There were no statistical differences in the total number of invasive ventilation courses or total duration of invasive mechanical ventilation between the groups. However, the initial duration of invasive mechanical ventilation was significantly shorter after RAM implementation (Table 3). Consistent with the latter result, 14 subjects (39%) in the control group were initially extubated within 24 h post birth to noninvasive respiratory support, whereas 23 (64%) were extubated within this time frame after RAM implementation. Although there were no significant differences in the total number of infants who required at least one re-intubation or the total number of re-intubations, the time to re-intubation after initial extubation was significantly shorter in the RAM group compared with the control group.

View this table:
Table 3.

Clinical Outcomes in the Subjects Treated With Conventional Interfaces or RAM Cannula

All 9 infants in whom the RAM system was used were re-intubated for worsening respiratory distress (apnea, bradycardia, desaturations, and/or retractions), whereas those in the control group were re-intubated for worsening respiratory distress (2/3) and pulmonary hemorrhage (1/3). The subjects in the control group were all ≥27 weeks' gestation, with a weight of ≥950 g. However, more than half of the infants (5/9) initially re-intubated with the RAM were at ∼25 weeks' gestation, and the majority (8/9) were <750 g at birth. The number of infants re-intubated within 72 h of initial extubation with the RAM trended higher but was not statistically significantly, nor was the number of infants for whom noninvasive respiratory support failed within the first 7 d post birth. There were no between-group differences in the use of high-frequency oscillatory ventilation as rescue (P = .16).

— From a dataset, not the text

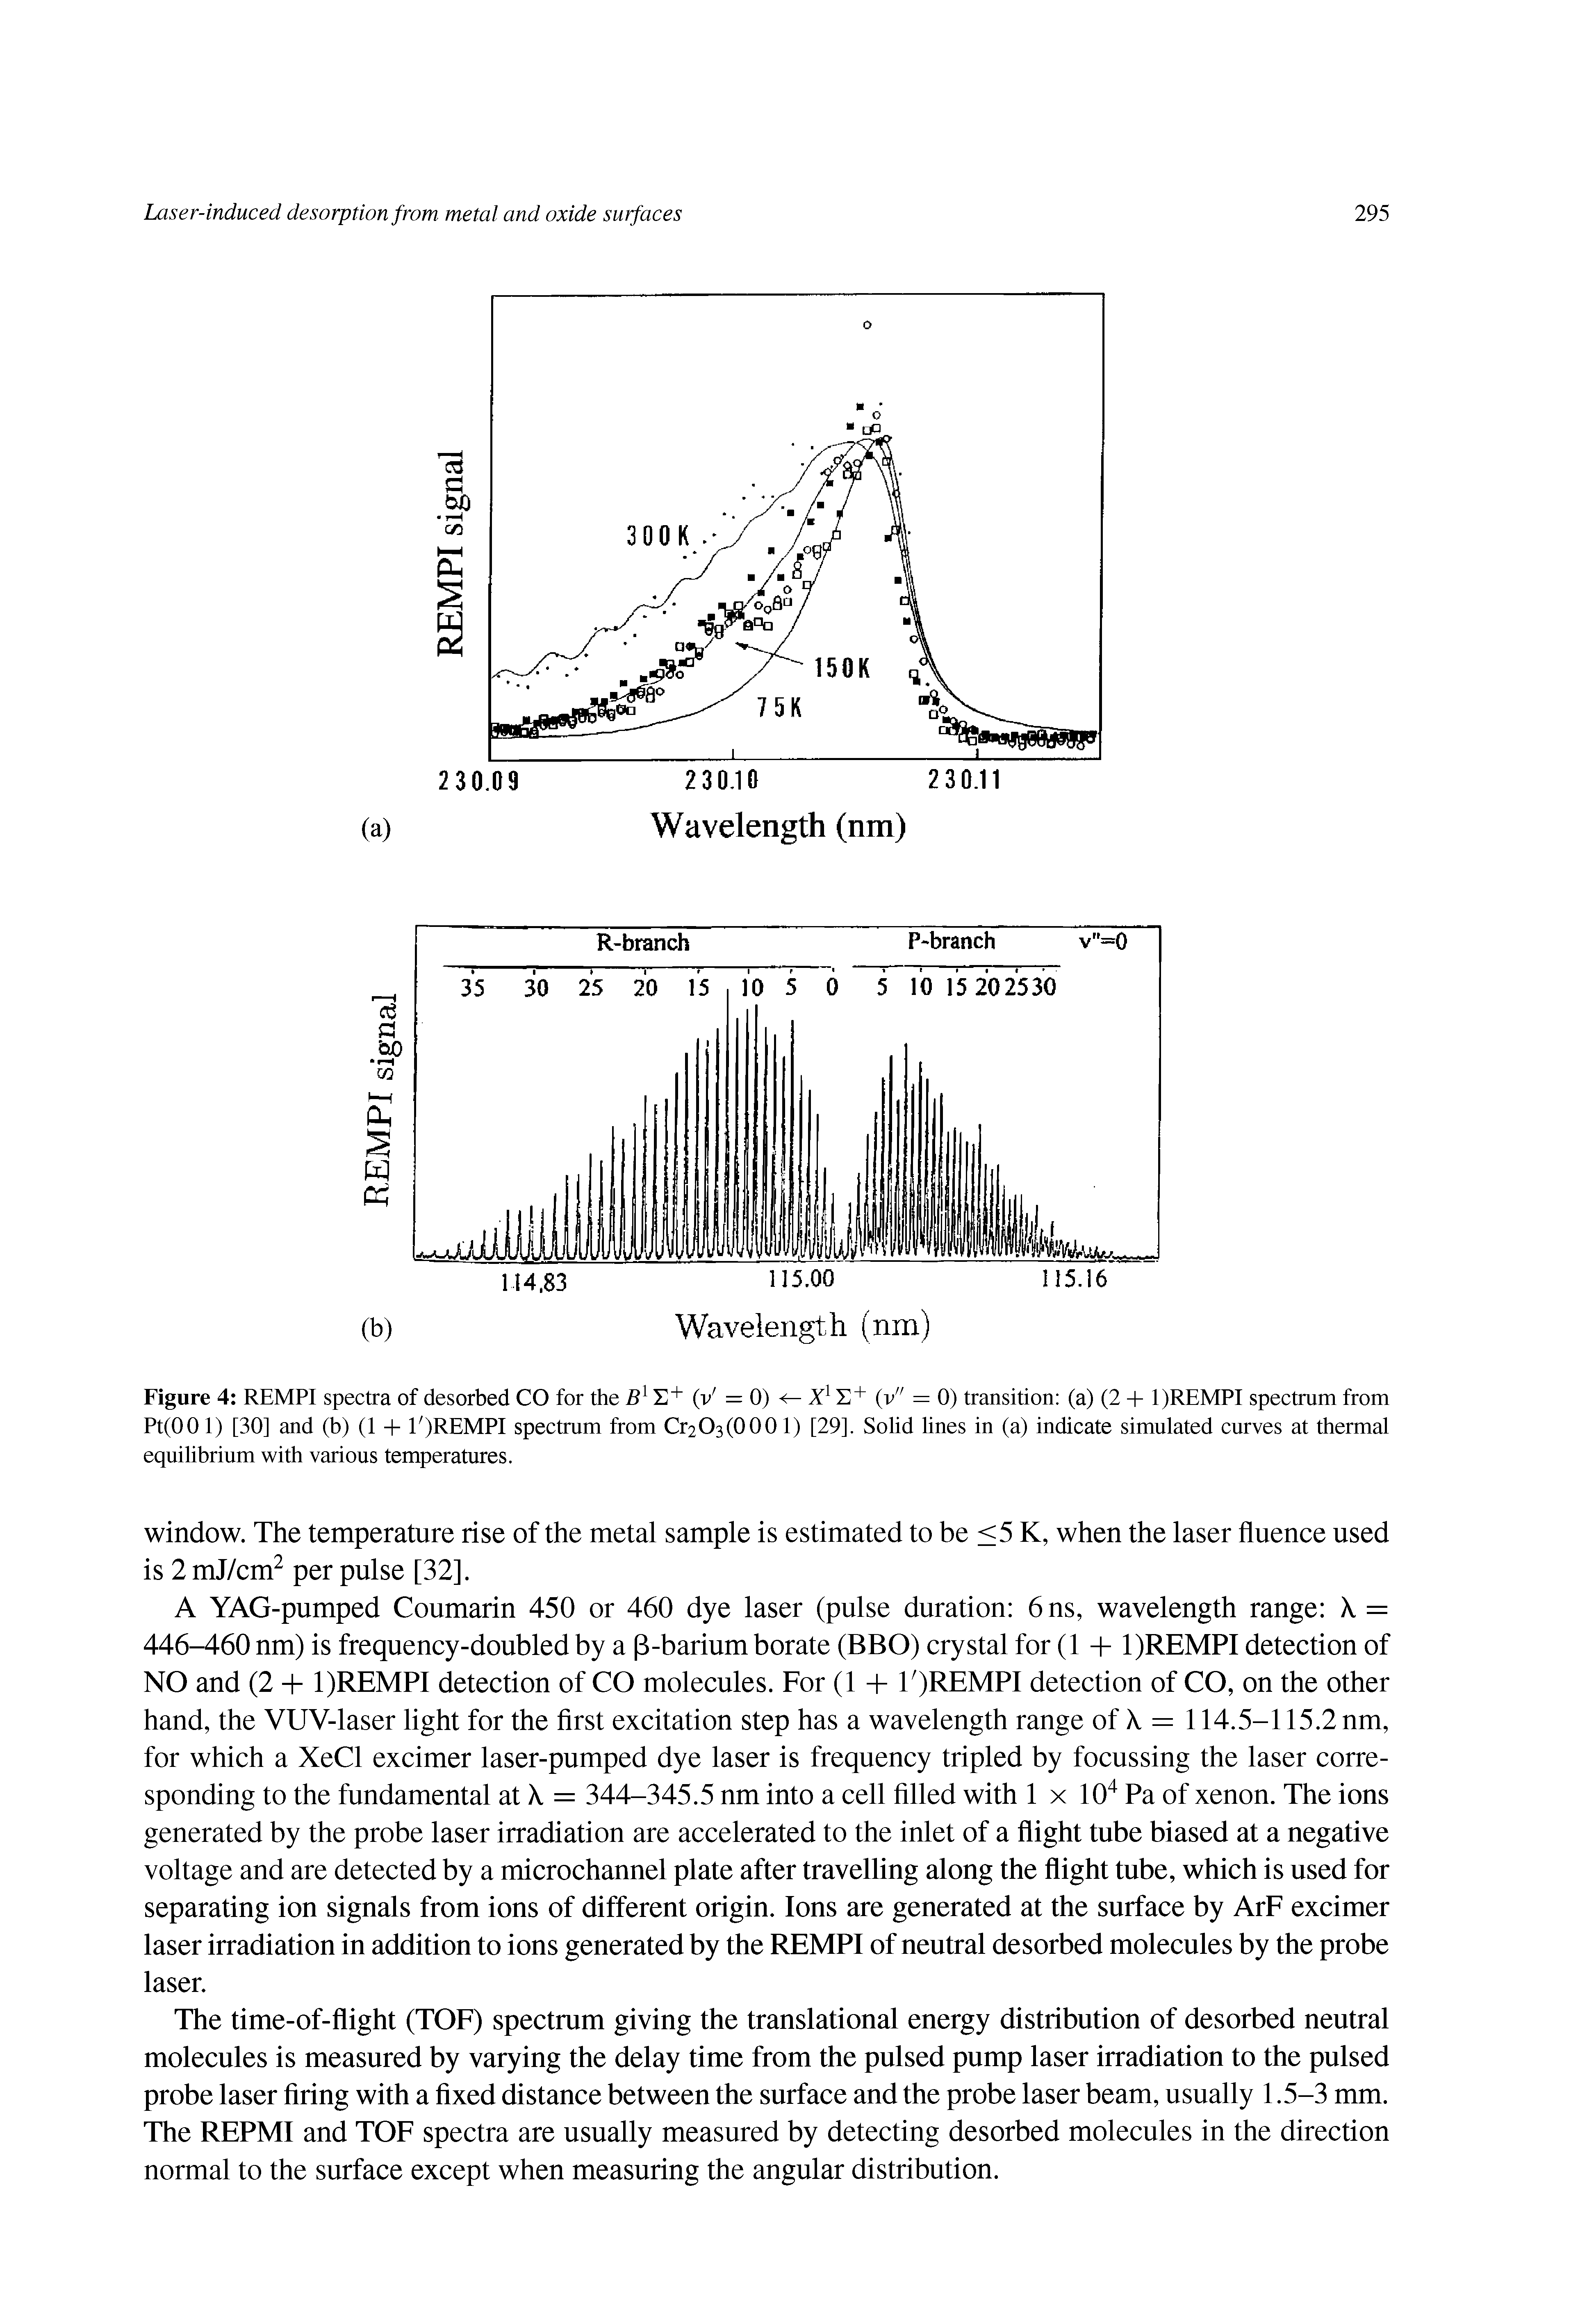 Figure 4 REMPI spectra of desorbed CO for the B1 + (V =0) X1 + (v" = 0) transition (a) (2 + 1)REMPI spectrum from Pt(00 1) [30] and (b) (1 + E)REMPI spectrum from 0 03 (000 1) [29], Solid lines in (a) indicate simulated curves at thermal equilibrium with various temperatures.

Noninvasive Respiratory Support Modes, Settings, and Use

Noninvasive respiratory support was broken down into CPAP, NIV, and HFNC settings and use. There were no significant between-group differences in CPAP as the initial mode (P = .84), number of infants placed on CPAP (P = .15), frequency of use (P = .08), or total days on CPAP (P = .08). However, there was a significant difference (P < .001) in CPAP settings, with higher settings used after RAM implementation (before and after RAM: 5 cm H2O; control 4–7 cm H2O, RAM 5–6 cm H2O). For NIV, there were no significant between-group differences in the number of infants placed on this mode (P = .33), frequency of use (P = .15), or total days on NIV (P = .82). But, again, there were significantly higher set NIV pressures after RAM implementation for both inspiratory positive airway pressure (P < .001) (control group, 10 [10-10] cm H2O; RAM group, 10 [10-20] cm H2O), and expiratory positive airway pressure (P = .001) (control group, 5 [5-6] cm H2O]; RAM group, 5 [5-10] cm H2O). For HFNC, there were no significant between-group differences in settings (2–4 L/min, P = .20), the number of infants placed on HFNC (P = .64), frequency of use (P = .82), or total days of use (P = .09).

Clinical Outcomes

There were no significant between-group differences in the hospital length of stay (P = .67). However, there were statistically significant reductions in total days on any respiratory support, total noninvasive respiratory support days, and supplemental O2 duration after RAM implementation (Table 3). Bronchopulmonary dysplasia rates trended lower, whereas the incidence of device-related skin or mucosal breakdown was significantly reduced in subjects placed on the RAM system. Before RAM implementation, we recorded 19 subjects (42%) with skin or mucosal injuries to the nasal septum (n = 12), cheeks (n = 3), bridge of the nose (n = 5), lips (n = 1), and forehead (n = 3). After RAM implementation, we found 3 subjects (8%) with lesions to the upper lip (n = 1) and nasal septum (n = 3).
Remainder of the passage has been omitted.